(I finally found an hour today to read the last few pages. This is a marvelous translation -- Lydia Davis' - and I highly recommend it. It is a pity that she didn't do the subsequent volumes. The 'new' translation of volume II is by Mark Treharne, and the reviews are more mixed -- and, in any event, the book can't be bought on Kindle, where I'm reading it, in the United States. So much for cyberspace..... So I'll have to read volume two in the old Montcrieff - Montcrieff/Kilmartin even being unavailable on Kindle until August 2011.)
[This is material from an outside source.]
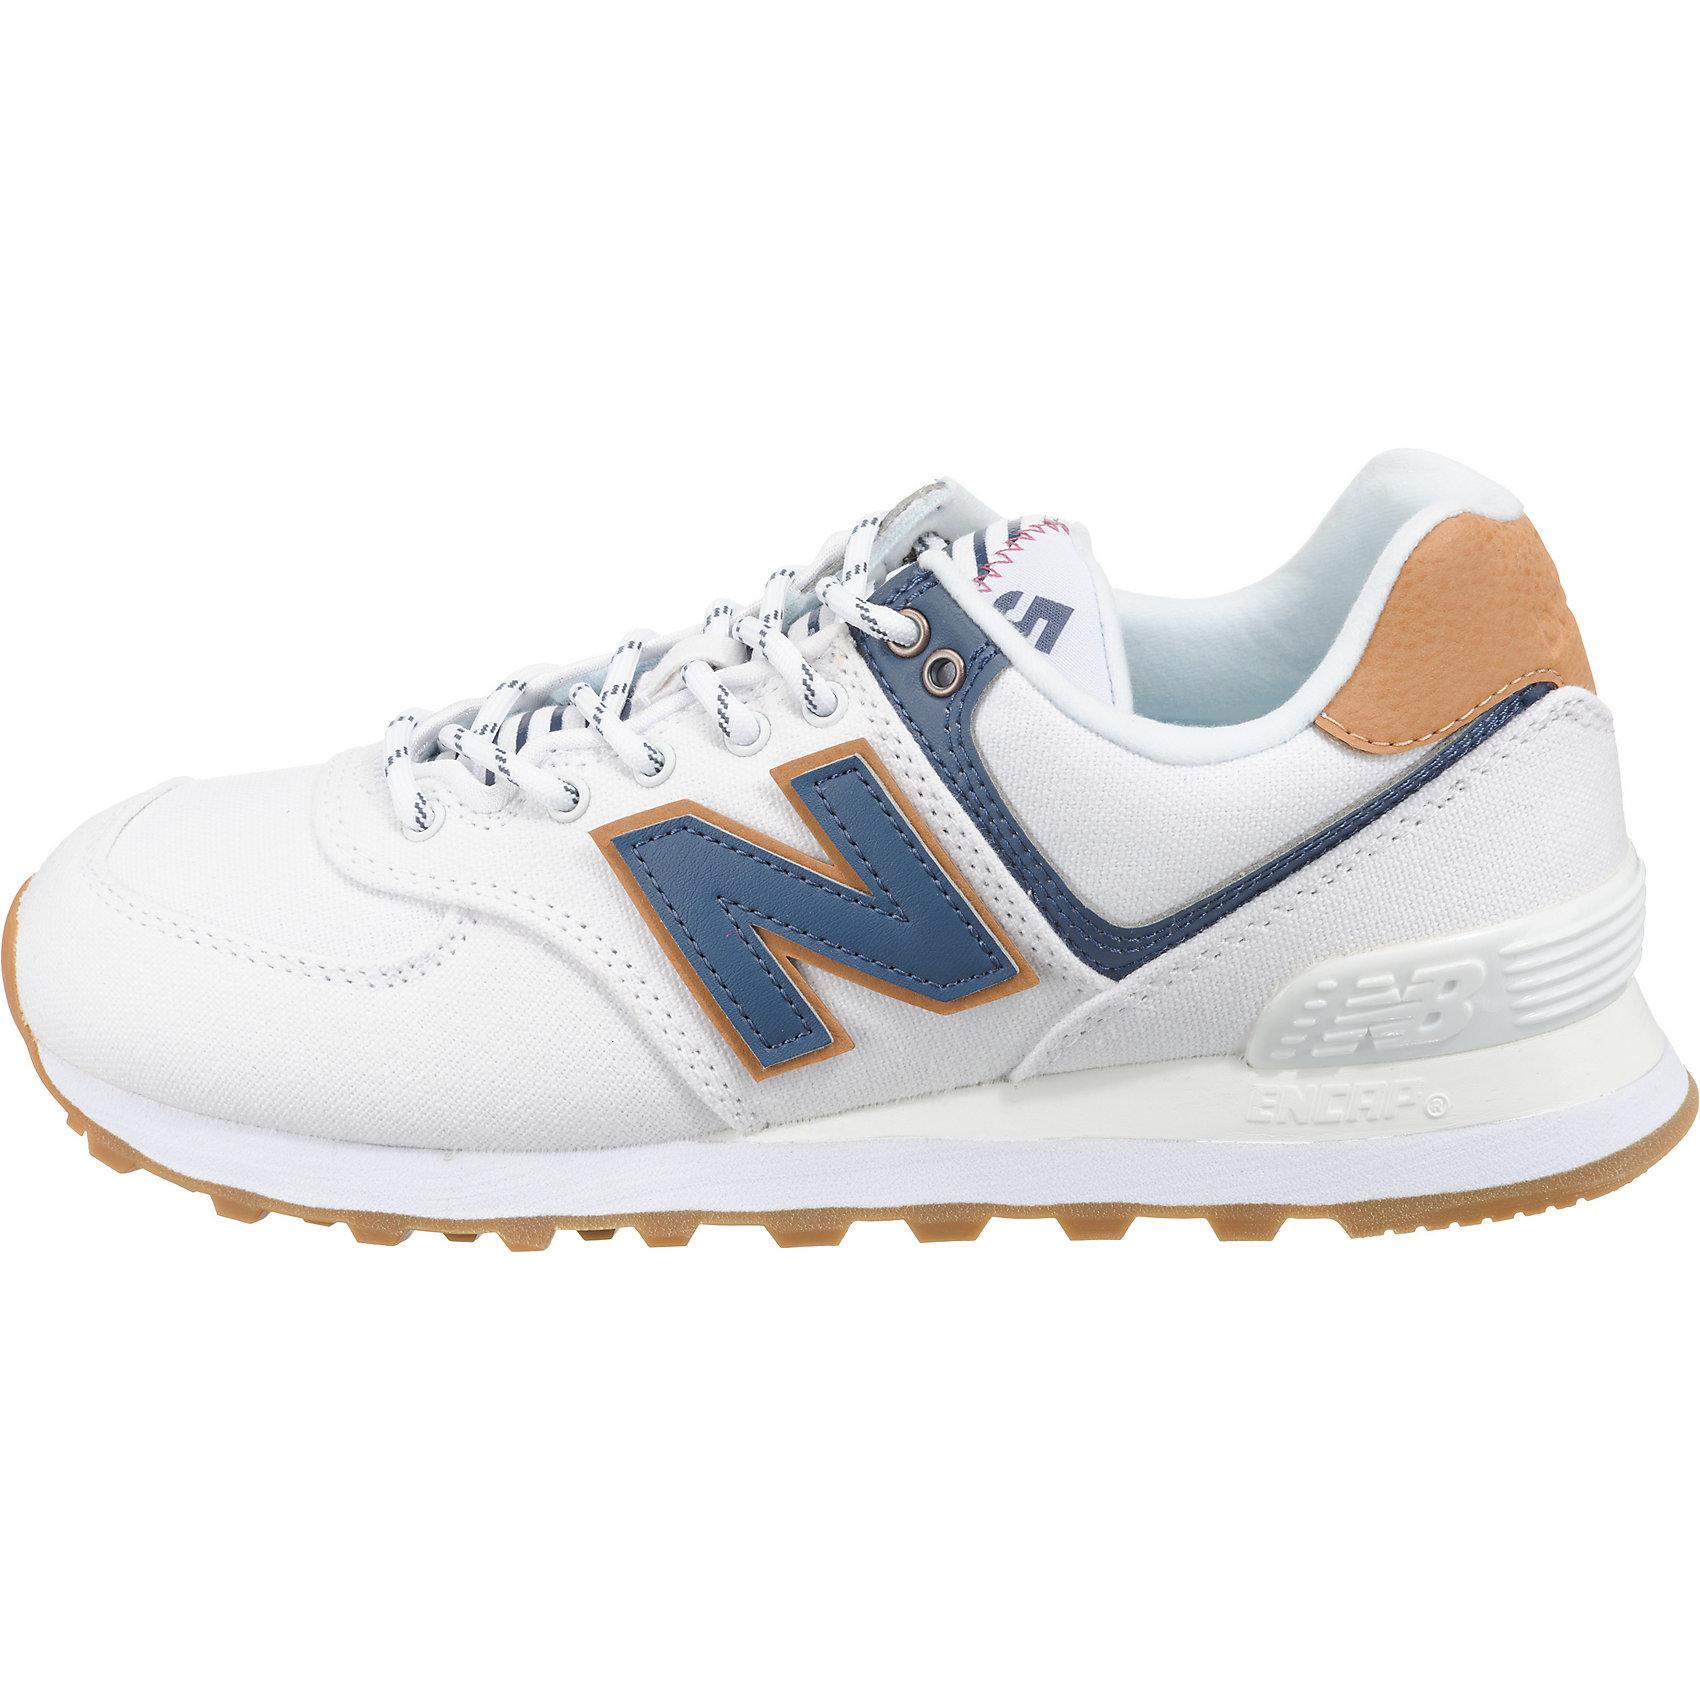 7397638 Blau Für Balance Damen New Neu Wl574 Sneakers Low Weiß B NnwOyvm80P

"The walls of the houses, the Tansonville hedge, the trees of the Roussainville woods, the thickets at the back of Mountjouvain, submitted to the blows of my umbrella or walking stick, heard my shouts of joy, these being both merely confused ideas that exhilarated me and found no repose in the light of understanding, because they had preferred, instead of a slow and difficult clarification, the pleasure of an easier diversion towards an immediate outcome. Most of the supposed expressions of our feelings merely relieve us of them in this way by drawing them out of us in an indistinct form that does not teach us to know them...."
This is pure Descartes...
And while many who read Proust will focus simply on the mood -- some of this is really the fault of Montcrieff, it must be said -- it is my view that what Proust offers us instead is rather what is fundamentally a Cartesian aesthetics: presenting the confused mass of sensation to the clarifying, distinguishing, ever dissecting and delimiting light of the understanding (intellectus)..., such that what results from the analysis is -- instead of an indistinct (and indistinguishable) mass -- is now rather a fully distinct and articulated whole.
I think this is quite deliberate -- and is very French.
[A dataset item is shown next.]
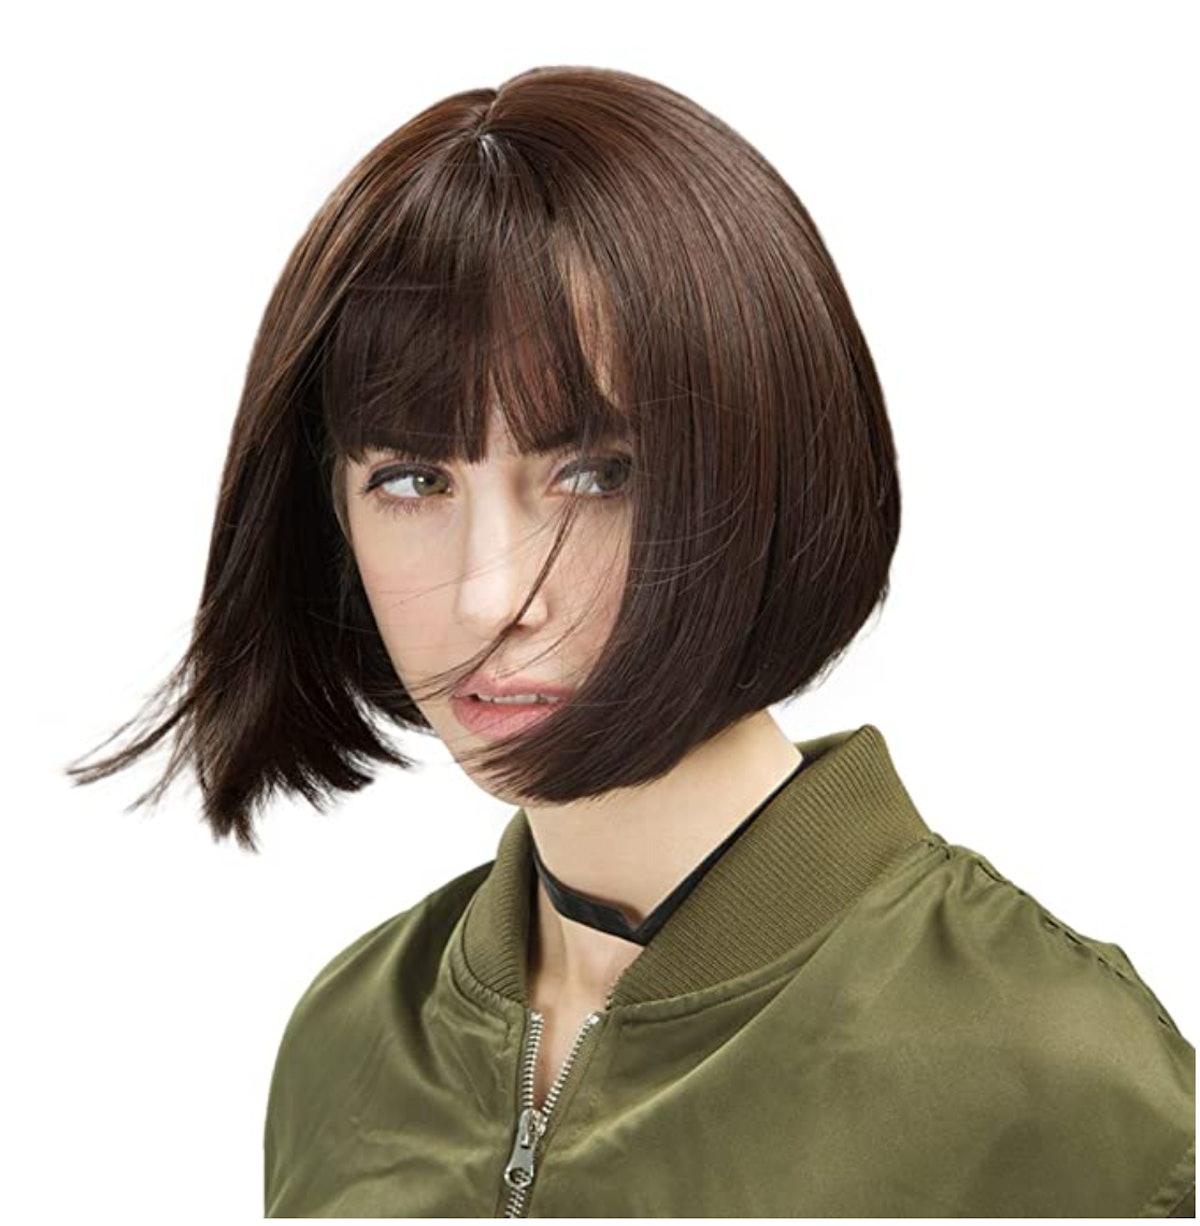 "REECHO 11"" Short Bob Wig with Bangs Synthetic Hair Color: Dark brown"

Also interesting is his comparison later on with Dante --
"This water-lily was the same, and it as also like one of those miserable creatures whose singular torment, repeated indefinitely throughout eternity, aroused the curiosity of Dante, who would have asked the tormented creature himself to recount its cause and its particularities at greater length had Virgil, striding on ahead, not forced him to hurry after immediately..., as my parents did me."
Proust, for all his verbosity and intricacies, writes with great deliberation -- and has no difficulty drawing the reader's attention to key passages, key comparisons, and key images. Compare, e.g., the transcription of his first writing attempt of the three steeples, with the three farms that they see on the return from the walk on the Guermantes Way -- in each case, two huddling together, while the third lingers behind... -- with Proust and his parents... in the summer of his childhood.